The vertex of the parabola `y^(2)+4x-2y+3=0 ` is

To find the vertex of the parabola given by the equation \( y^2 + 4x - 2y + 3 = 0 \), we will follow these steps: ### Step 1: Rearranging the Equation Start by rearranging the equation to isolate the terms involving \( y \): \[ y^2 - 2y + 4x + 3 = 0 \] ### Step 2: Completing the Square for \( y \) To complete the square for the \( y \) terms, we take the coefficient of \( y \) (which is -2), halve it to get -1, and then square it to get 1. We can rewrite the equation as: \[ (y^2 - 2y + 1) + 4x + 3 - 1 = 0 \] This simplifies to: \[ (y - 1)^2 + 4x + 2 = 0 \] ### Step 3: Isolate the \( x \) term Now, isolate \( x \): \[ (y - 1)^2 = -4x - 2 \] This can be rearranged to: \[ (y - 1)^2 = -4(x + \frac{1}{2}) \] ### Step 4: Identify the Vertex The equation is now in the standard form of a parabola: \[ (y - k)^2 = 4p(x - h) \] where \((h, k)\) is the vertex.

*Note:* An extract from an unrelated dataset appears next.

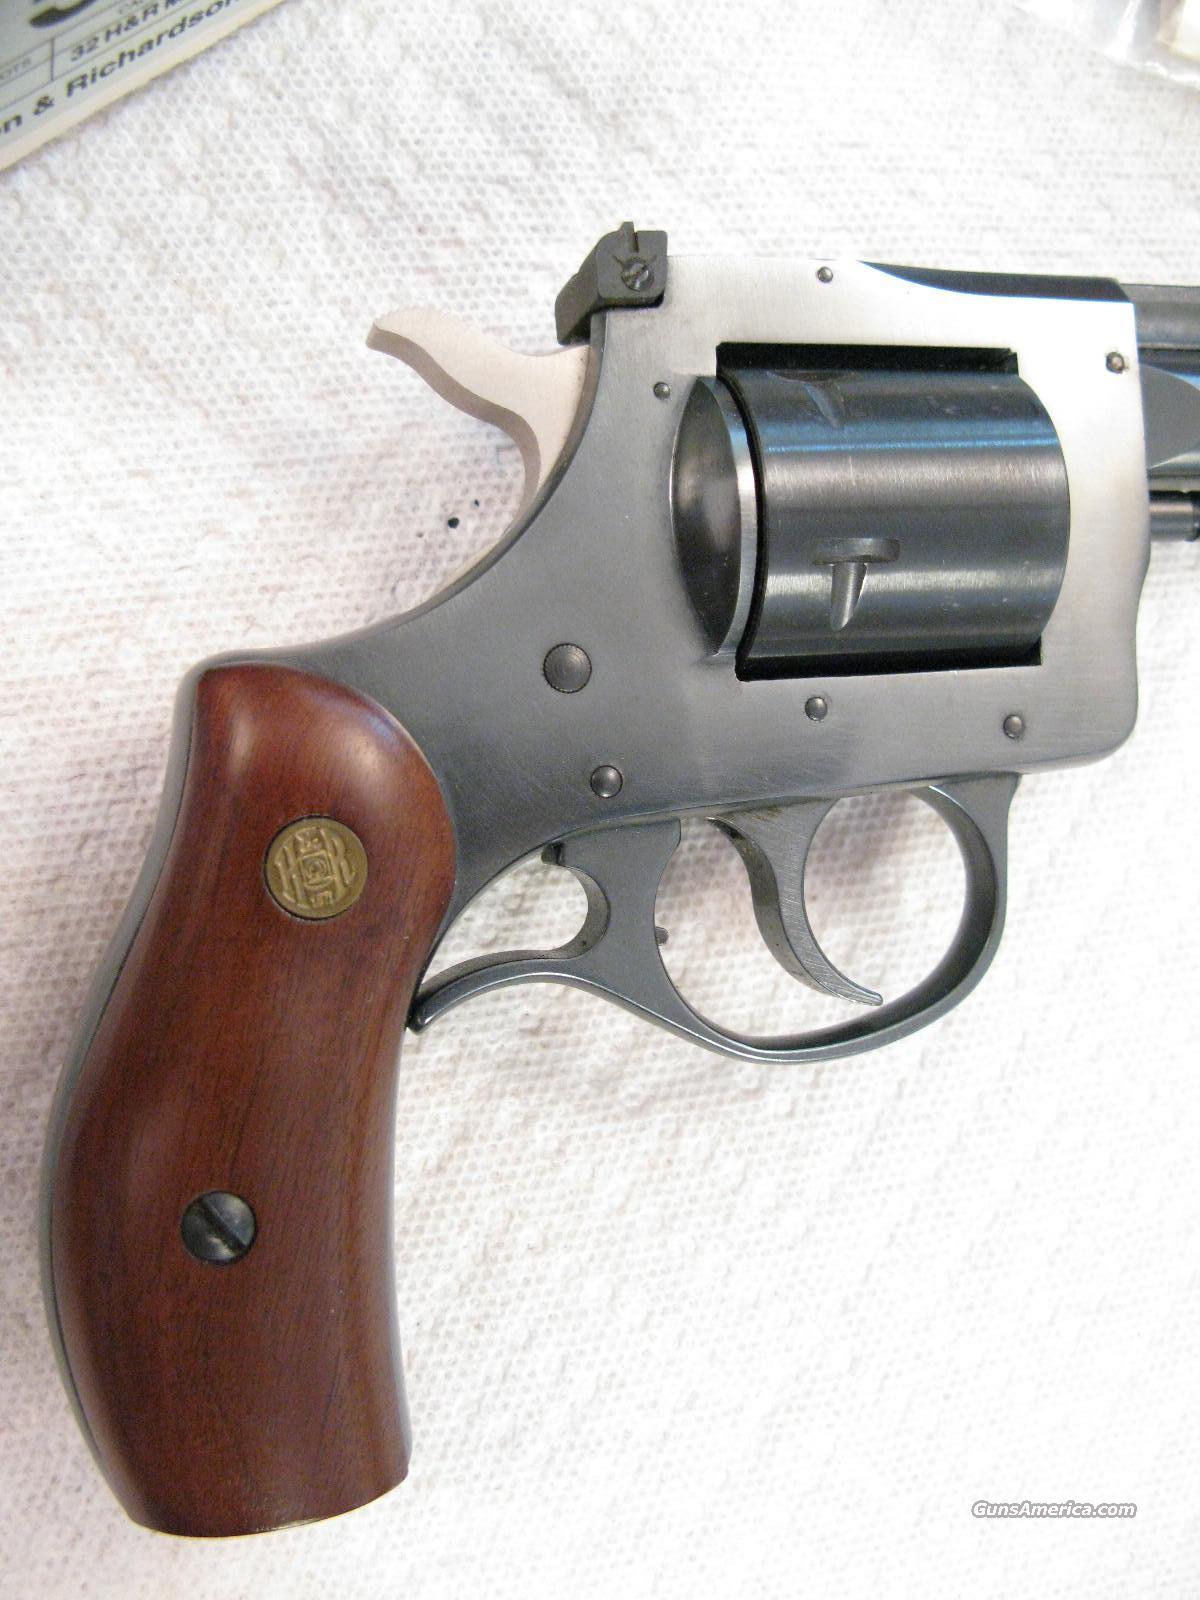 H Amp R Model 929 Owners Manual

From our equation, we can identify: - \( h = -\frac{1}{2} \) - \( k = 1 \) Thus, the vertex of the parabola is: \[ \left(-\frac{1}{2}, 1\right) \] ### Final Answer The vertex of the parabola \( y^2 + 4x - 2y + 3 = 0 \) is: \[ \boxed{\left(-\frac{1}{2}, 1\right)} \] ---